2.3. Physics-Informed Prediction

To predict the glass transition behavior of the PU system based on experimental DSC data and MD simulation results, GPR was employed as a bridging framework to fit the target T_g curve [17,18]. In this approach, T_g (α) data obtained from experiments and MD simulations were used as training inputs, guided by the physically motivated DiBenedetto equation as a prior constraint.

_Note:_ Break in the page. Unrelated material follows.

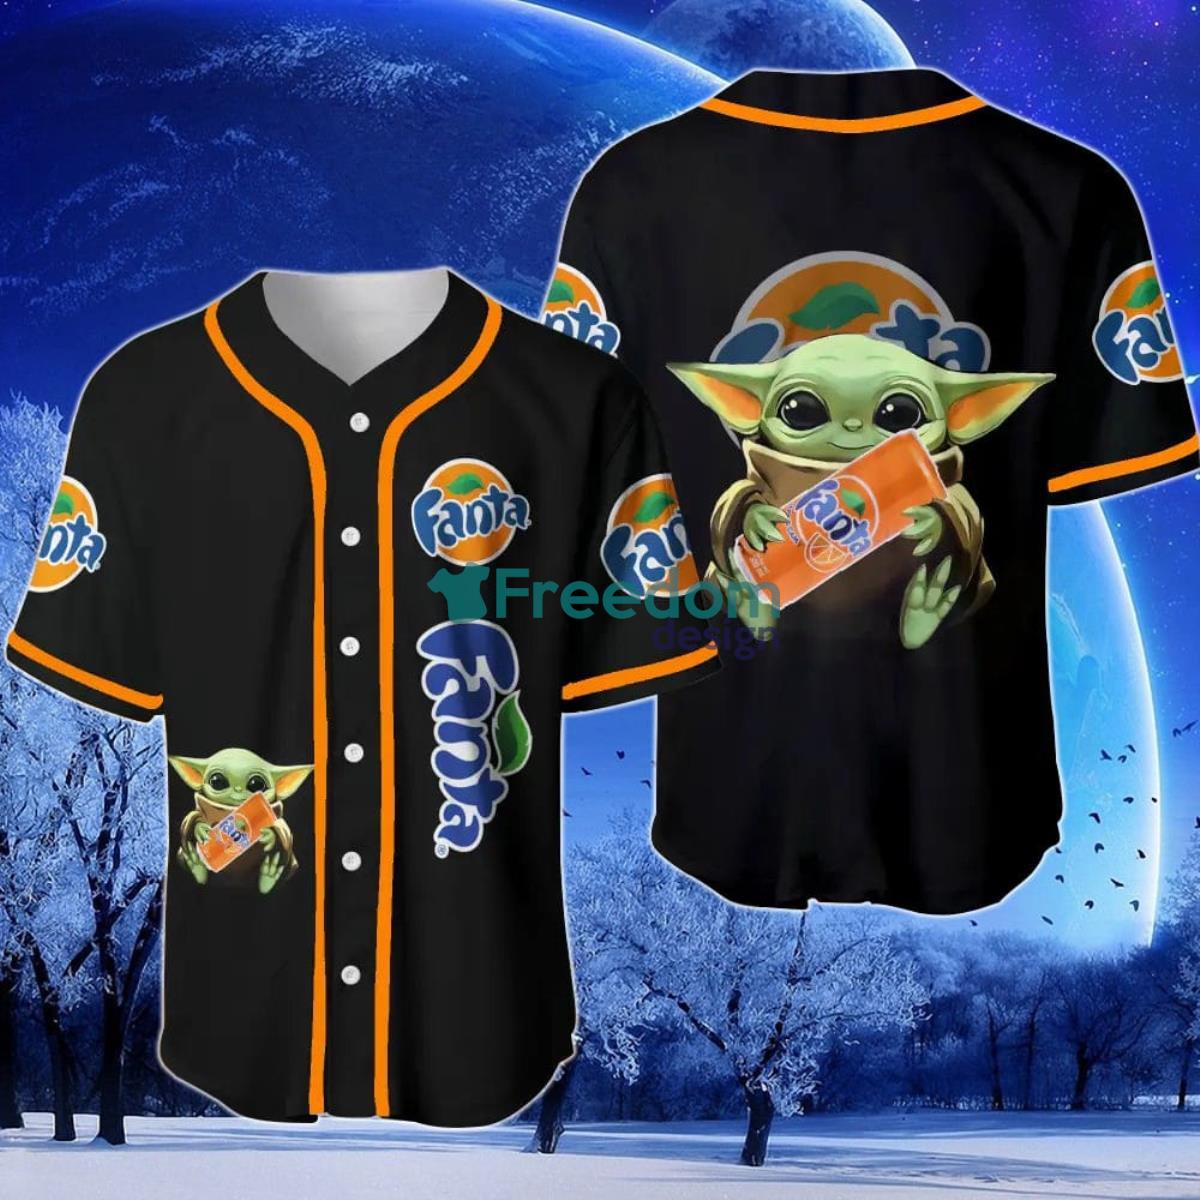 MLB Baseball Chicago Cubs Star Wars Baby Yoda Shirt T Shirt - Freedomdesign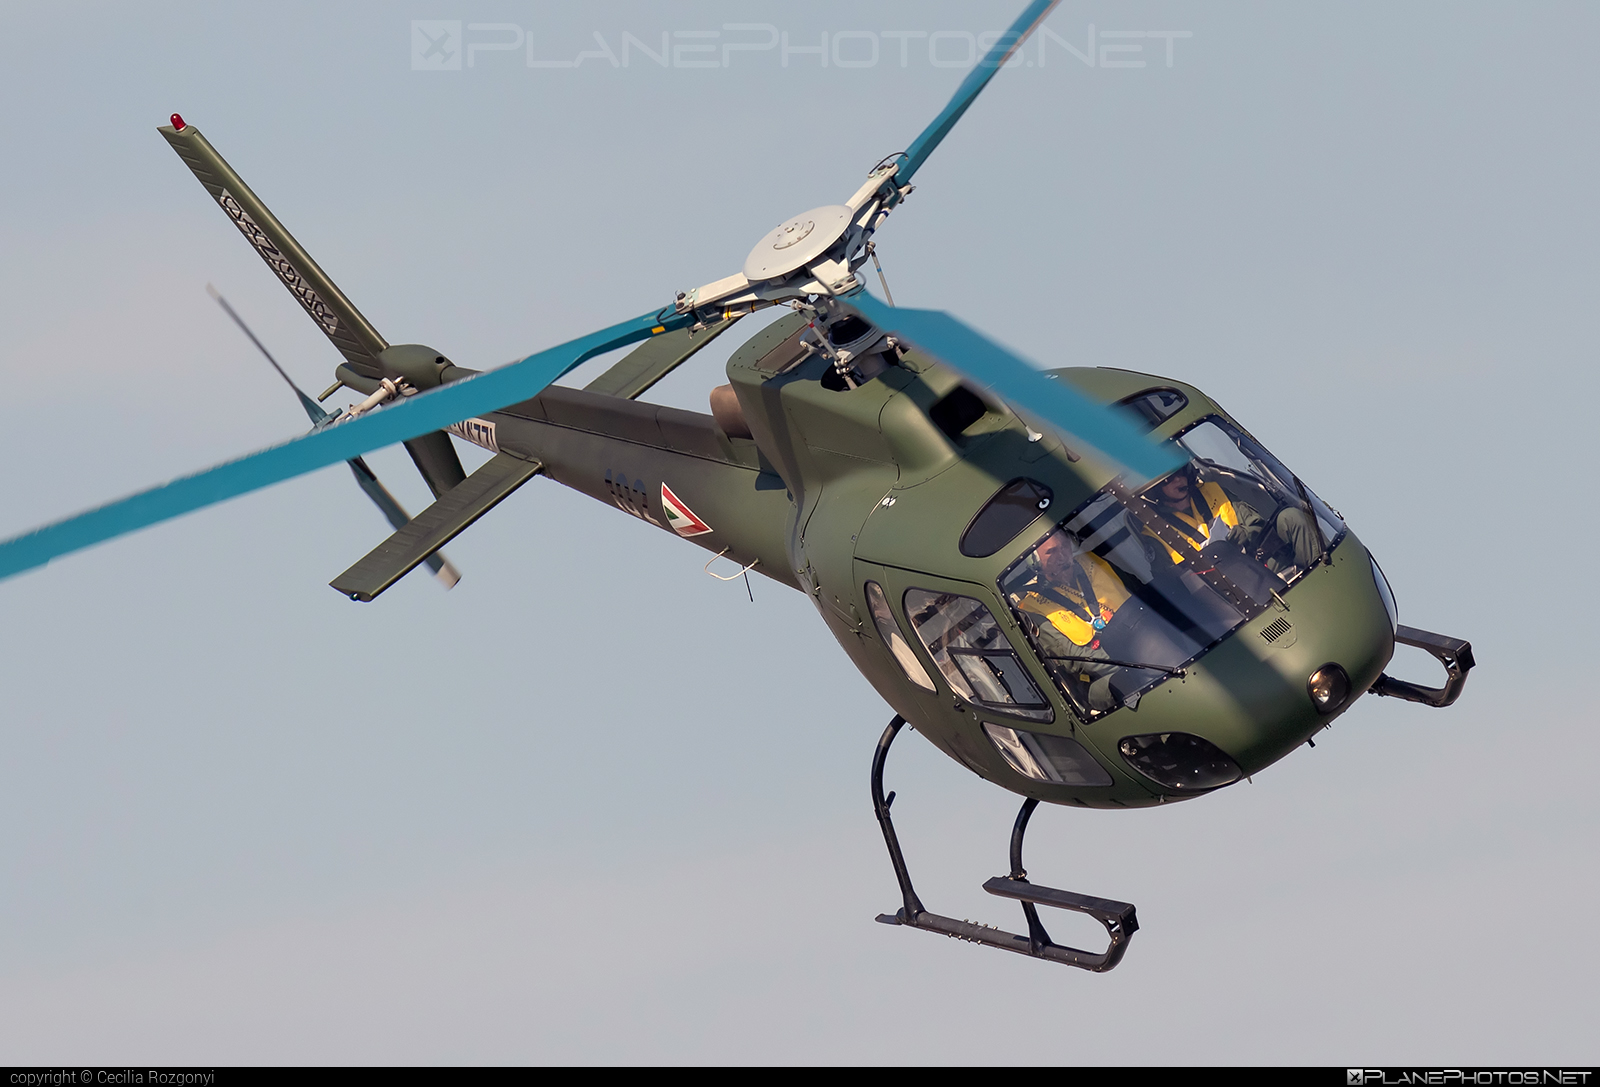 Aerospatiale AS350 B2 Ecureuil - 102 operated by Magyar Légierő (Hungarian Air Force) #aerospatiale #as350 #as350b2 #as350b2ecureuil #as350ecureuil #hungarianairforce #magyarlegiero

The DiBenedetto relationship is given by Eq. 1[29]:

$$T_g\left(\alpha \right)=T_{g0}+\left(T_{g\infty }-T_{g0}\right){\displaystyle \frac{\lambda \alpha }{1-\left(1-\lambda \right)\alpha }}$$

(1)

The outputs of this model include the DiBenedetto parameter (λ), a continuous T_g – α relationship, and the associated data uncertainty. To enable smooth and continuous material property prediction, a Matérn kernel was selected [30]. A constant term was introduced to provide additional flexibility, and the kernel was combined with a noise term to account for random noise arising from experimental measurements and MD fluctuations [31]. The Matérn kernel function can be expressed as in Eq. 2 and the final kernel function presented by Eq. 3:

$$k\left(x_i,x_j\right)={\displaystyle \frac{1}{\mathsf{\Gamma }\left(v\right)2^{v-1}}}\left({\displaystyle \frac{\sqrt{2v}}{l}}d\left(x_i,x_j\right)\right)X{K}_v\left({\displaystyle \frac{\sqrt{2v}}{l}}d\left(x_i,x_j\right)\right)$$

(2)

where d(x_i, x_j) is the Euclidean distance, K_v is a modified Bessel function, ε is noise and Γ is the gamma function; $v$ is the smoothness parameter controlling the differentiability of the Matérn kernel; $l$ is length scale parameter.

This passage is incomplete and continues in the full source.